D&D 5E - Justin Alexander's review of Shattered Obelisk is pretty scathing
- Multiple NPCs with no viable route to get where they’re located.
- A hydra in a crypt that’s been sealed for centuries. (What does it eat?)
- A barricade (Z7) that stops goblins from going to the lower level of the dungeon… but the dungeon key makes no sense if the goblins can’t/don’t go down there.
- Maps that don’t match the text, and vice versa. (For example, room keys like X8 that list doors that don’t exist.)
On page 98, midway through Zorzula’s Rest, the PCs enter a new level of the dungeon and… The map is no longer numbered. The description of the dungeon bizarrely shifts from keyed entries to rambling paragraphs describing various unnumbered rooms.
In Whither the Dungeon? I talked about the fact that the Dungeon Master’s Guide no longer teachers new DMs how to key or run dungeons. (It doesn’t even include an example of a keyed dungeon map.) And I talked about how this has had, for example, an impact on adventures published through the DMs Guild, with an increasing number featuring dungeons with no maps or maps with no key.
It’s a disturbing trend that bodes ill for the health of the hobby.
But seeing it in an official module published by Wizards of the Coast was truly a surreal moment.
And, unfortunately, one that is repeated later in the book.

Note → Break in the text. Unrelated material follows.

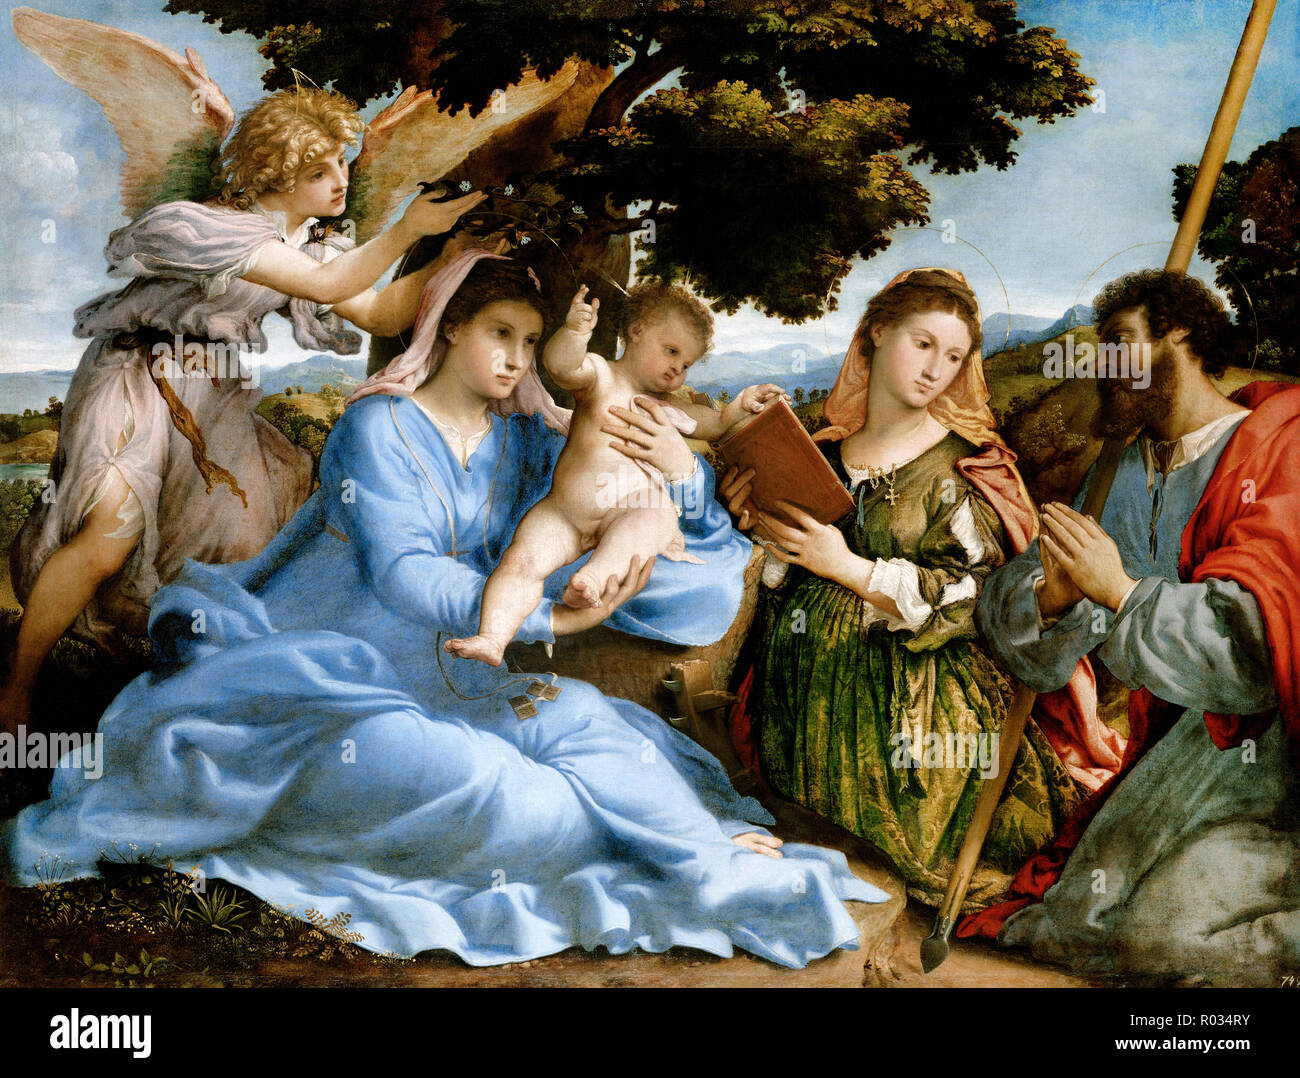 Lorenzo Lotto, Madonna and Child with Saints Catherine and Thomas, Sacra Conversazione, Circa 1527-1533, Oil on canvas, Kunsthistorisches Museum, Vienna, Austria. Stock Photo

This poor design is, of course, not limited to the dungeons. I’ve already talked about the NPCs with nigh-incoherent backstories and incomprehensible motivations. To this you can add innumerable continuity errors and timelines that contradict each other, to the point where the adventure can’t stand up to even the most casual thought without collapsing like a waterlogged house of cards.